Records excerpted from a collection
>>>>>
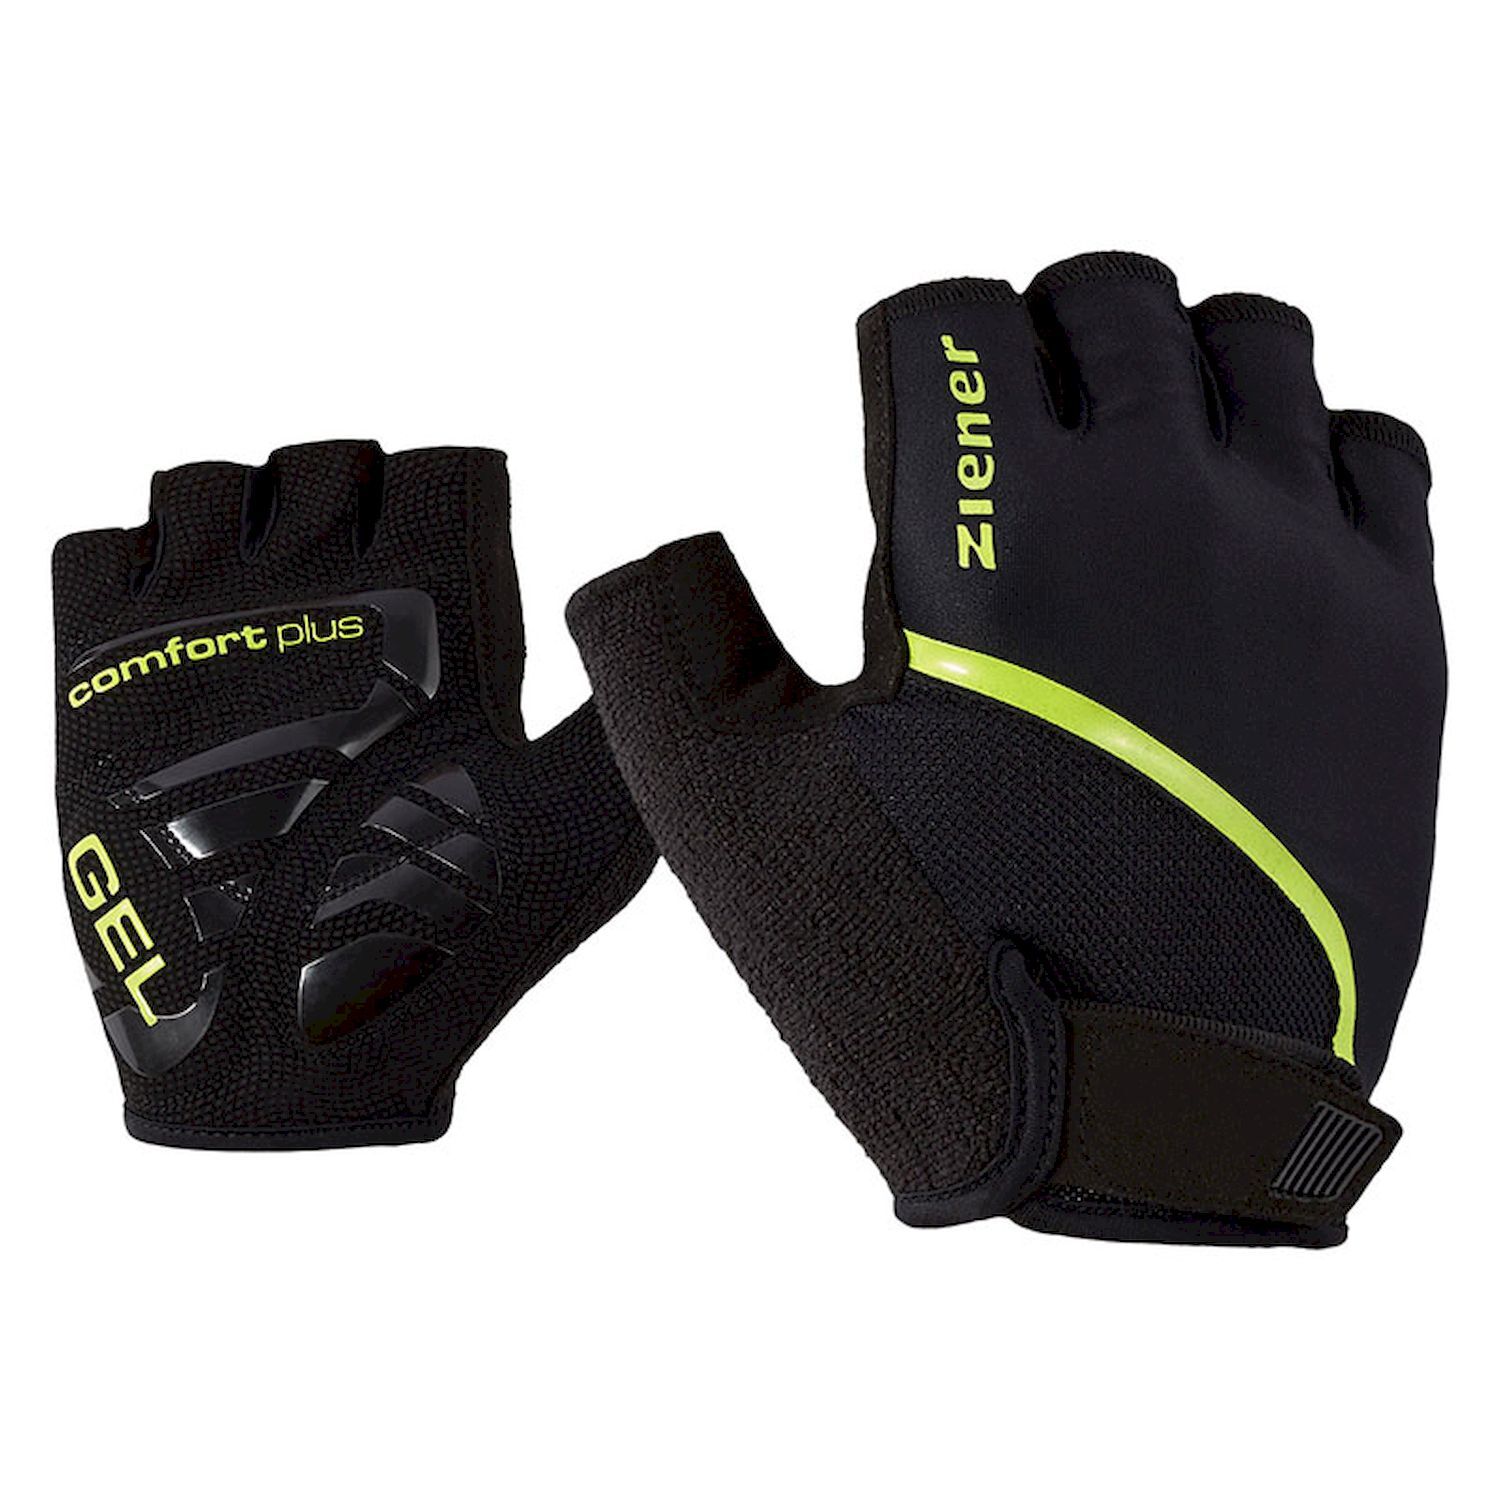 Ziener Celal - Cycling gloves - Men's
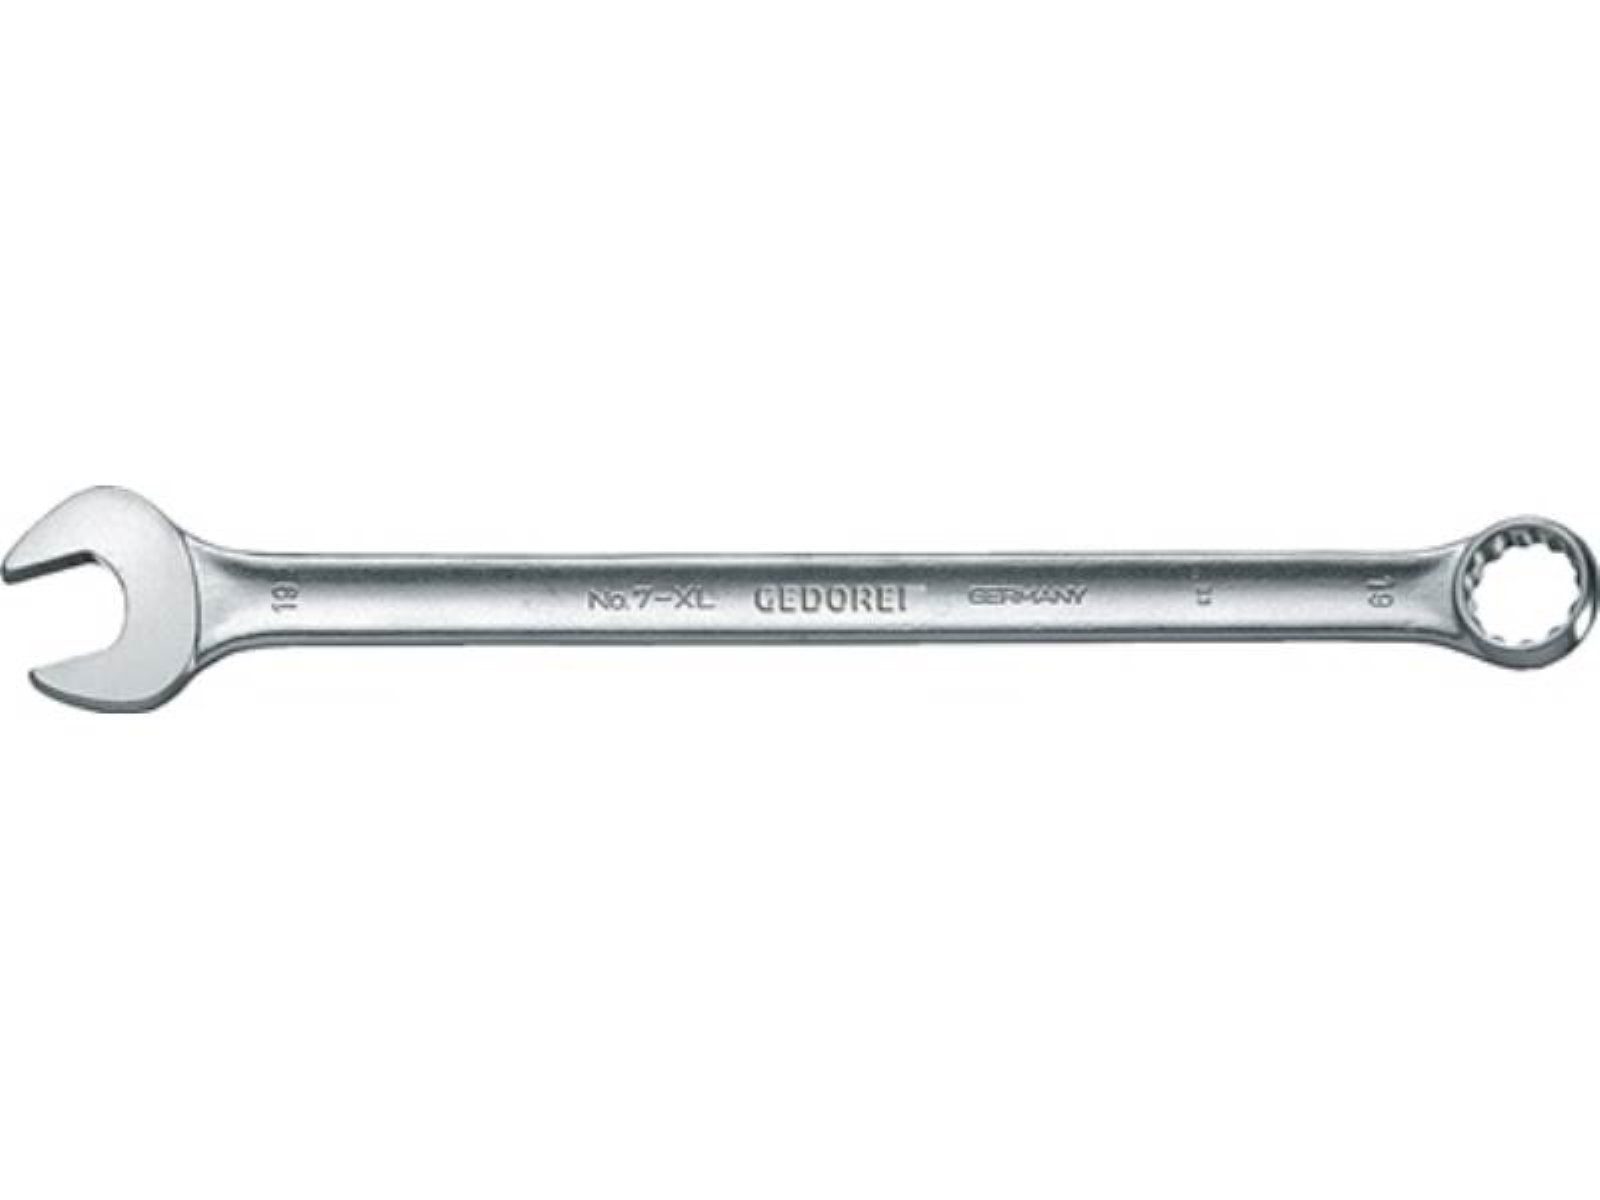 SW Ringmaulschlüssel A ext.lang 8mm GEDORE CV-Stahl XL Form Gedore 7 L.170mm Maulschlüssel
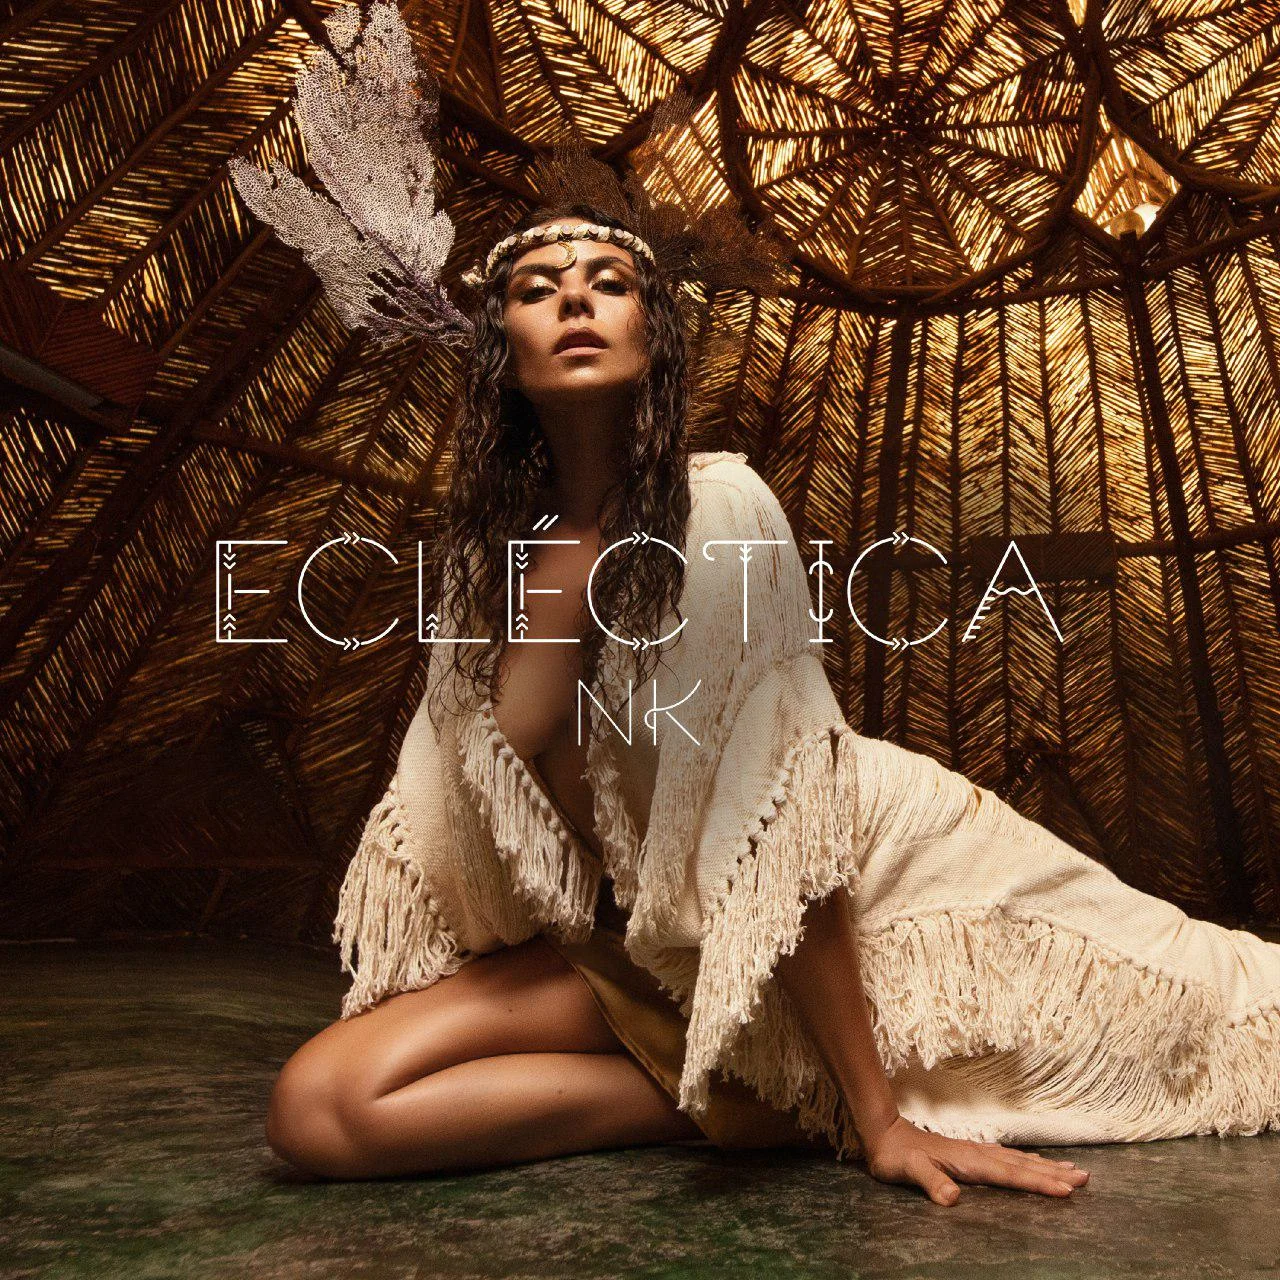 Настя Каменских выпустила испаноязычный альбом 'Ecléctica', где просто хит за хитом - фото 491470
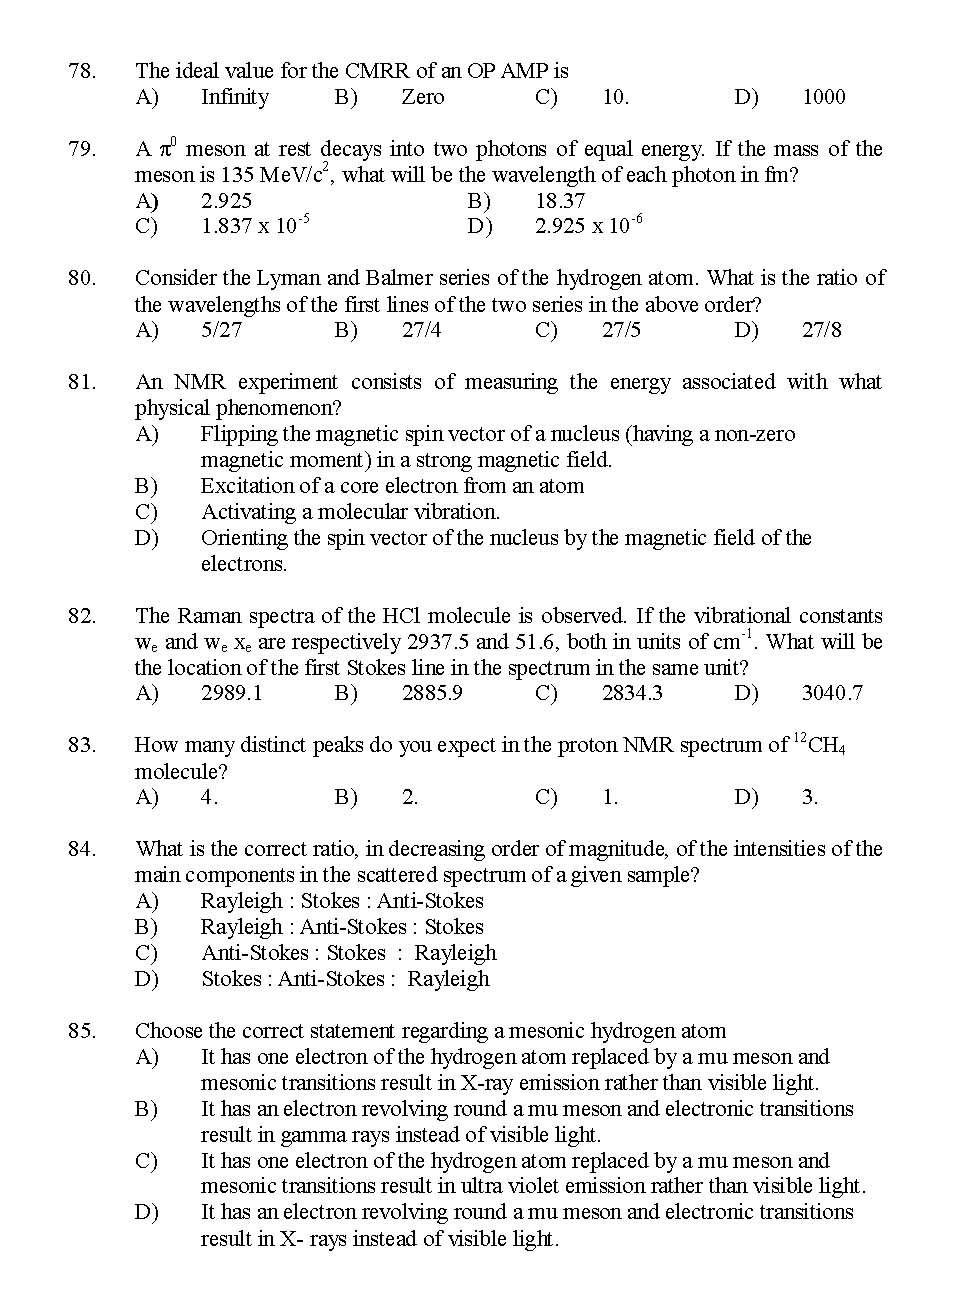 Kerala SET Physics Exam 2016 Question Code 16124 A 12
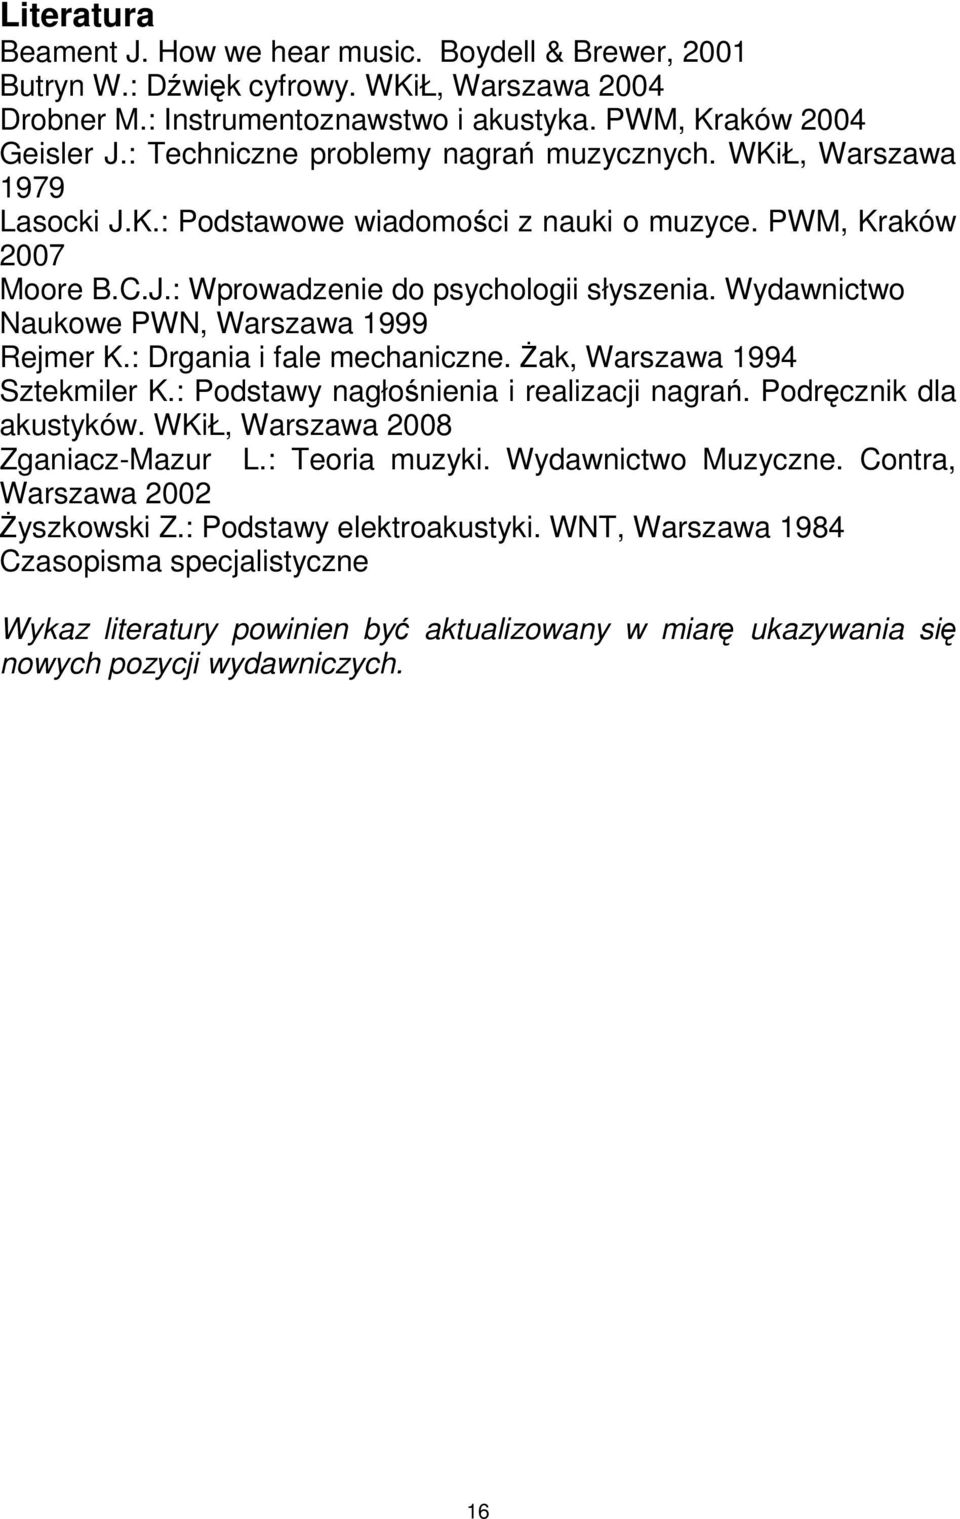 Wydawnictwo Naukowe PWN, Warszawa 1999 Rejmer K.: Drgania i fale mechaniczne. śak, Warszawa 1994 Sztekmiler K.: Podstawy nagłośnienia i realizacji nagrań. Podręcznik dla akustyków.
<<<<<
ABOUT THIS TASK
Once the pictures are set aside, repeat the data above exactly.

EXPECTED ANSWER
 Ziener Celal - Cycling gloves - Men's
 SW Ringmaulschlüssel A ext.lang 8mm GEDORE CV-Stahl XL Form Gedore 7 L.170mm Maulschlüssel
 Настя Каменских выпустила испаноязычный альбом 'Ecléctica', где просто хит за хитом - фото 491470
 Kerala SET Physics Exam 2016 Question Code 16124 A 12
 Wydawnictwo Naukowe PWN, Warszawa 1999 Rejmer K.: Drgania i fale mechaniczne. śak, Warszawa 1994 Sztekmiler K.: Podstawy nagłośnienia i realizacji nagrań. Podręcznik dla akustyków.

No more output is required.